2) empirio-criticism- subjective idealistic doctrine of the late 19th century. (E. Mach, R. Avenarius). They believed that a person cannot know how the outside world works, he only knows his sensations. The world for a person is a set of sensations, elements of the world. Therefore, thinking should be limited to description own feelings person. They called this the principle of economy of thought.

3) Neopositivism (logical positivism(20-30s of the 20th century) , analytical philosophy(since the 50s of the twentieth century). (L. Wittgenstein, B. Russell). This trend originated in Europe, but later became the most popular philosophy in the United States. They reduced philosophy to the analysis of language, scientific terms and logic. They used the principle of verification, according to which the truth of a judgment is verified by experience. They decomposed scientific knowledge into separate atomic propositions that can be verified experimentally. All other scientific judgments must be derived from atomic ones.

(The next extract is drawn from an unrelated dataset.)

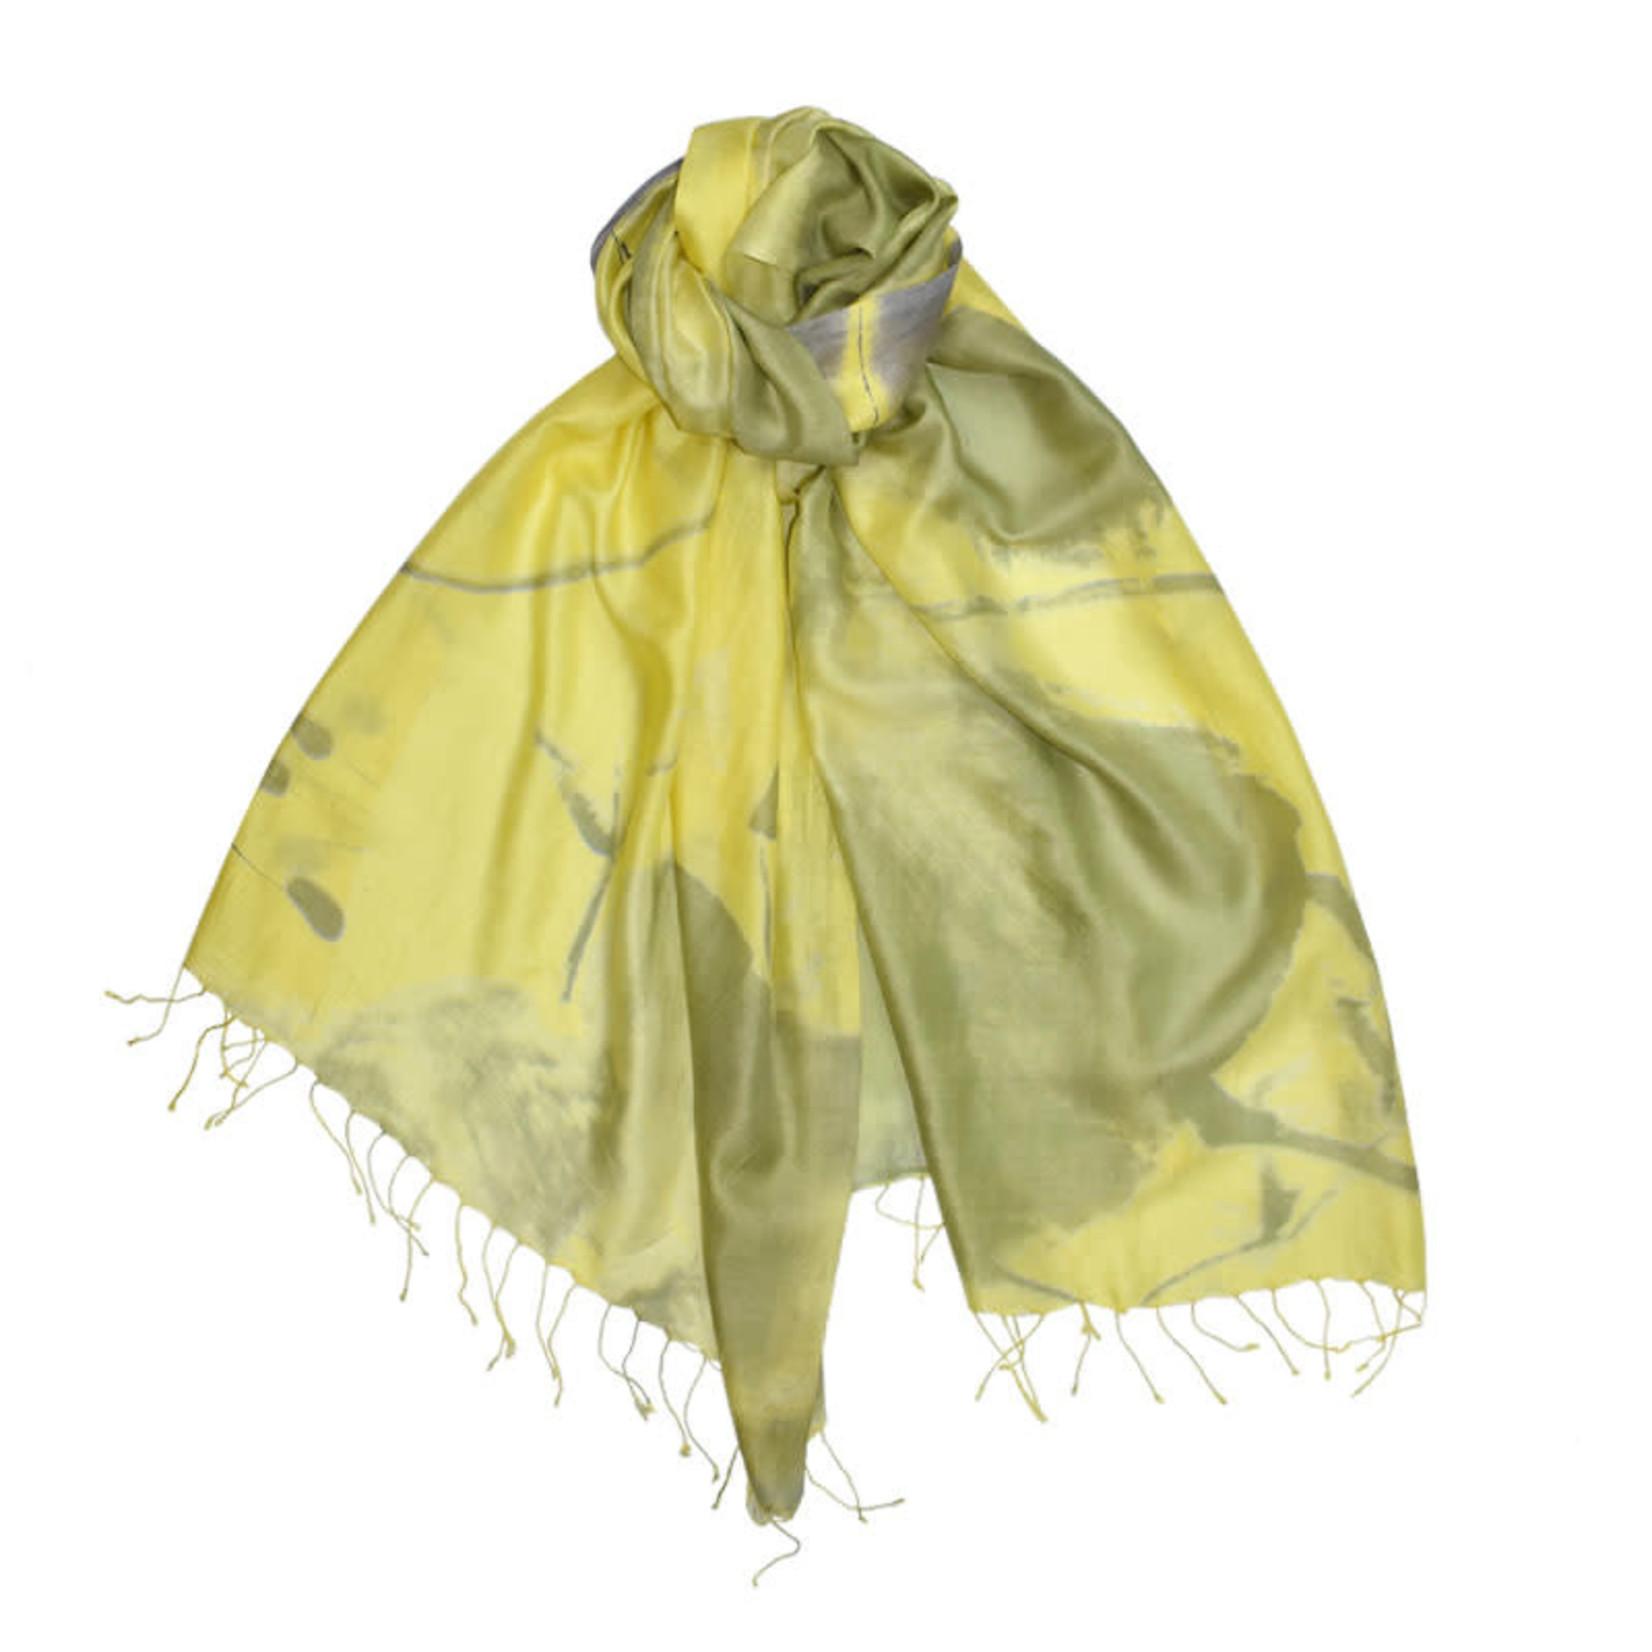 100%HandwovenSilk/JapaneseBrushStroke/Floral/Yellow/Green
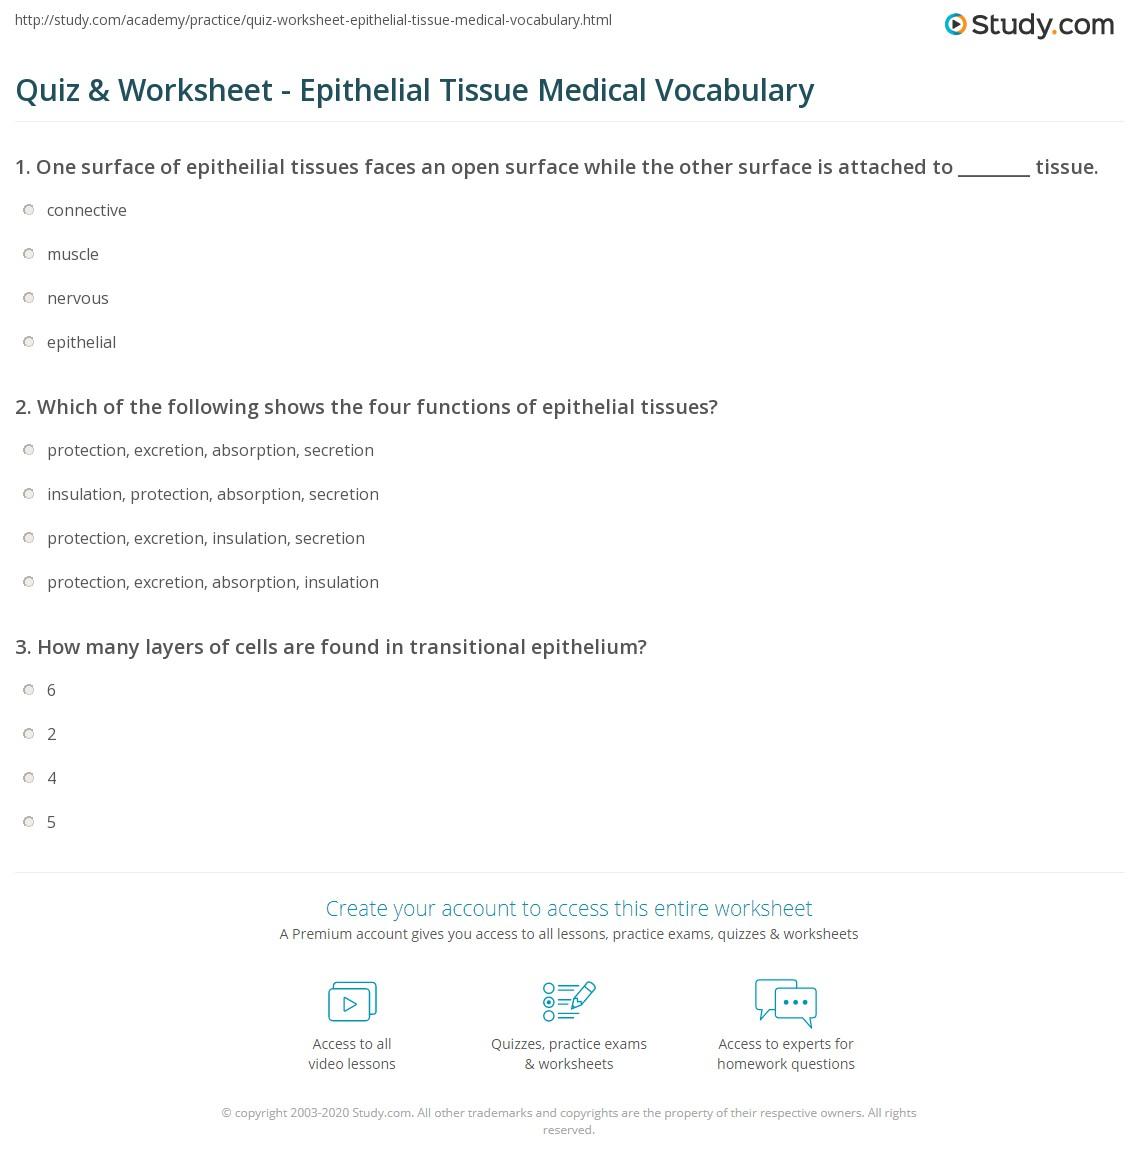 quiz worksheet epithelial tissue medical vocabulary. Black Bedroom Furniture Sets. Home Design Ideas

4) Critical rationalism (mid-20th century). Representatives of this direction were engaged in the philosophy of science, looking for clear criteria to separate scientific knowledge from non-scientific knowledge. For example, K. Popper introduced the principle of falsification, according to which scientific knowledge is knowledge that can be refuted. Knowledge that in principle cannot be refuted is not scientific (truths of religion, philosophical metaphysics).

5) postpositivism/historical school/ (60-70s of the twentieth century). (T. Kuhn, I. Lakatos, P. Feyerabend, Toulmin) They studied the history of science, how scientific knowledge grew, how scientific revolutions took place.

HISTORY OF RUSSIAN PHILOSOPHY

1. Formation and main features of Russian philosophy.

2. Development of revolutionary democratic ideas in Russia.

3. Russian religious philosophy.

1. Formation and main features of Russian philosophy. Russian philosophy is part of world philosophy, but at the same time, it has national characteristics. The formation of Russian philosophy began in the 11th century, after the adoption of Christianity in Ancient Rus'. It was influenced by: 1) pagan beliefs of the Slavic tribes, 2) Christian theology (Byzantine and Western European), 3) ancient philosophy (Plato, Aristotle). The main problems that interested Russian philosophers: 1) the inner world of man, the problems of good and evil, the meaning of life; 2) social philosophy, the problem of social justice, philosophy of history; 3) features of the Russian national character, the role of Russia in world history (Russian idea).

Until the 18th century Russian philosophy retained a mainly religious character. Most famous representatives religious and philosophical thought of this period: Metropolitan Hilarion, Maxim the Greek, Kirill of Turov, Philotheus. In the 17th-18th centuries. The influence of European philosophy increased, secularization took place, i.e. gradual liberation of philosophy from the influence of religion. M.V. made a great contribution to the development of philosophical education in Russia. Lomonosov. He was a supporter of deism, believed that God created the world and gave it movement, but in the future nature develops independently according to physical laws. He argued that scientific knowledge of nature does not contradict religious faith.

Russian philosophy reached its greatest flourishing in the 19th century. The discussion about the historical fate of Russia and its future came to the fore. In 1836, the “Telescope” magazine published “Philosophical Letter” by P.Ya. Chaadaev, in which he bitterly reflected on the disastrous state of Russia. He harshly criticized the path of development of Russia, pointing out its lag behind the West. Chaadaev’s letter opened a discussion in which two approaches to determining Russia’s place in world history emerged. 1) Westerners argued that all peoples should follow a common path of development, that Russia should borrow experience Western Europe(Kavelin, Granovsky). 2) Slavophiles believed that there are no general laws of development, each nation follows its own path, Russia should develop on the basis of national traditions (Khomyakov, Kireevsky, Aksakov brothers).

2. Development of revolutionary democratic ideas in Russia. The absolute monarchy, serfdom and general backwardness of Russia attracted criticism from the most progressive thinkers. A.N. Radishchev in his work “Journey from St. Petersburg to Moscow” showed the cruel and humiliating essence of serfdom, the slave and powerless position of the people. He was a supporter of the ideas of the Enlightenment, defended human rights and freedoms, and sought the democratization of society. Radishchev's treatise “On Man, His Mortality and Immortality” is devoted to a comparison of idealistic and materialistic teachings about man. He did not give an unambiguous conclusion, but admitted the admissibility of belief in immortality.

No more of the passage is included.